15/03/23 20:25:43 WARN TaskSetManager: Lost task 222.0 in stage 0.0 (TID 222, localhost): TaskKilled (killed intentionally)
15/03/23 20:25:43 WARN TaskSetManager: Lost task 240.0 in stage 0.0 (TID 240, localhost): TaskKilled (killed intentionally)
15/03/23 20:25:43 WARN TaskSetManager: Lost task 241.0 in stage 0.0 (TID 241, localhost): TaskKilled (killed intentionally)
15/03/23 20:25:43 WARN TaskSetManager: Lost task 228.0 in stage 0.0 (TID 228, localhost): TaskKilled (killed intentionally)

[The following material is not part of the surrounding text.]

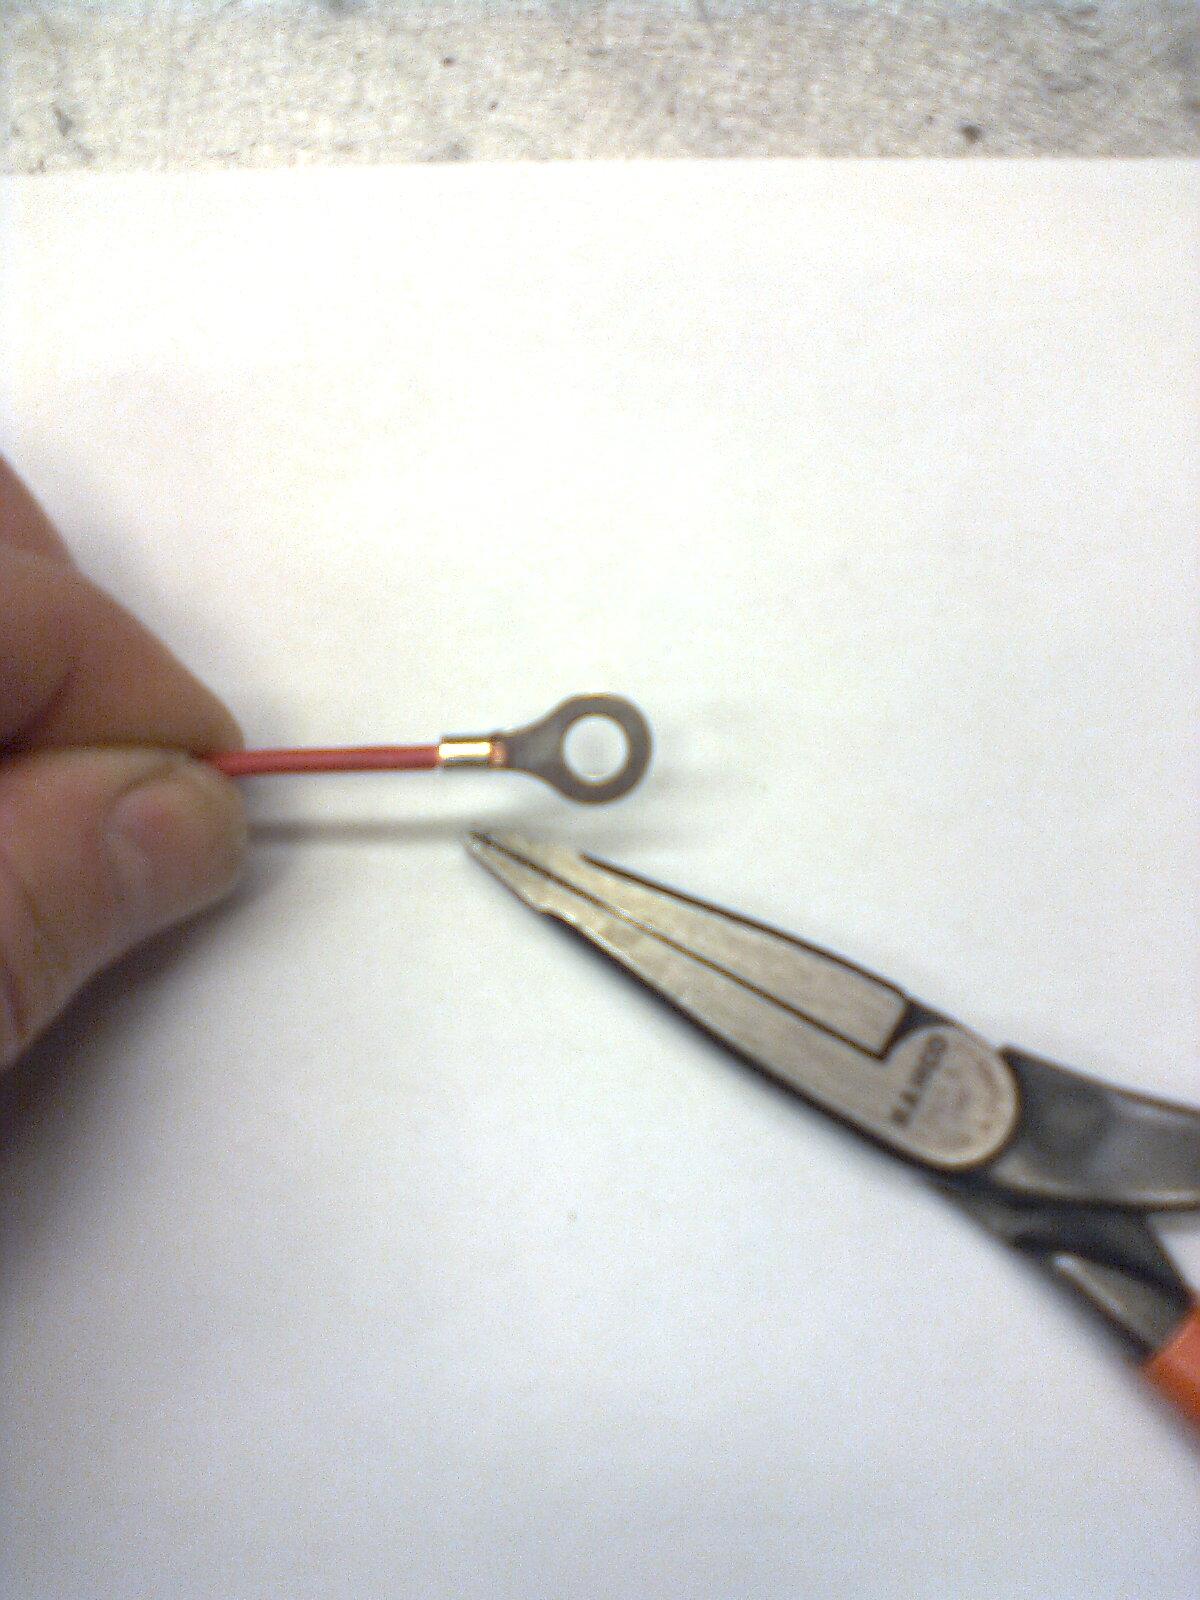 Stick i den skalade trådänden, pressa ihop lite löst med en tång.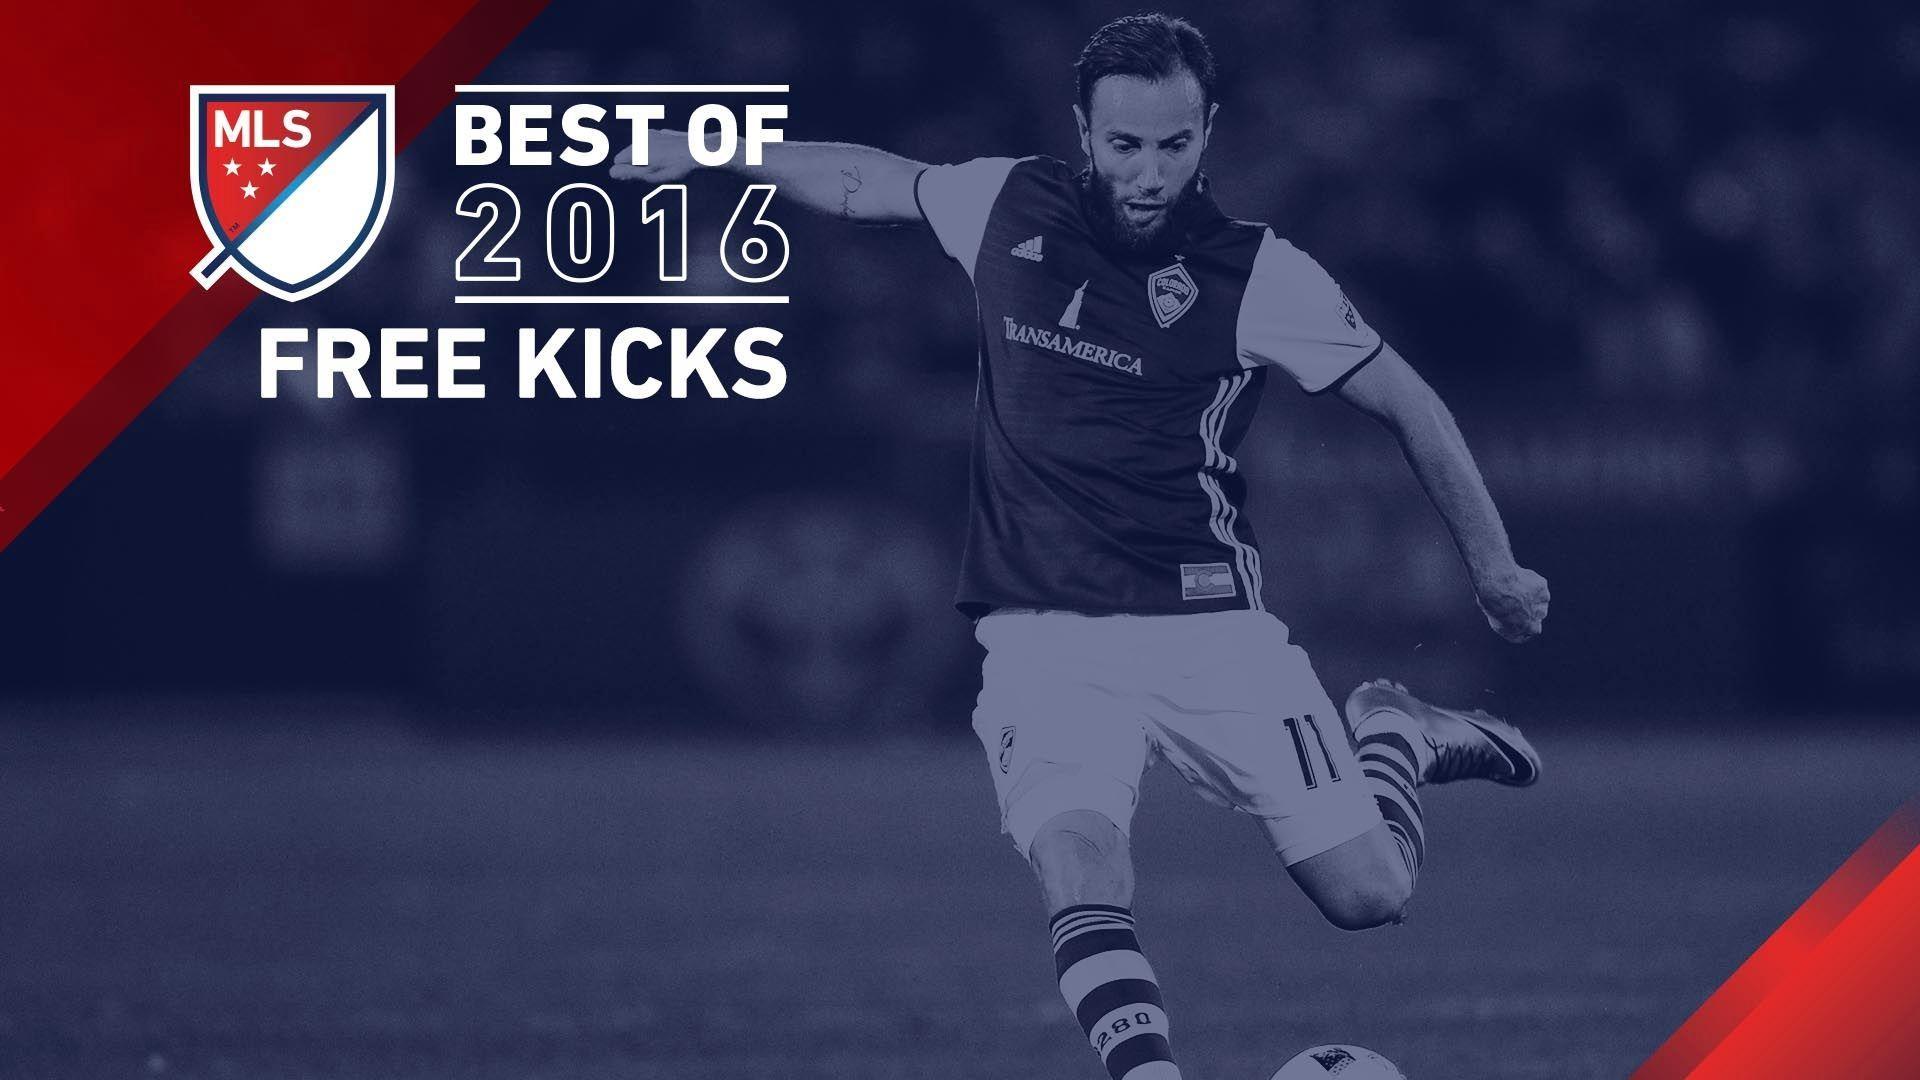 Video via MLS: Pick that out! Top 5 free kicks of 2016

org.apache.spark.SparkException: Job aborted due to stage failure: Task 157 in stage 0.0 failed 1 times, most recent failure: Lost task 157.0 in stage 0.0 (TID 157, l          ocalhost): java.io.IOException: Exception during execution of SELECT count(*) FROM "tungsten"."cudb_dn" WHERE token("entry_key") > ? AND token("entry_key") <= ?   ALL          OW FILTERING: All host(s) tried for query failed (tried: /169.254.100.4:9042 (com.datastax.driver.core.exceptions.DriverException: Timed out waiting for server respon          se), /169.254.100.3:9042 (com.datastax.driver.core.TransportException: [/169.254.100.3:9042] Connection has been closed))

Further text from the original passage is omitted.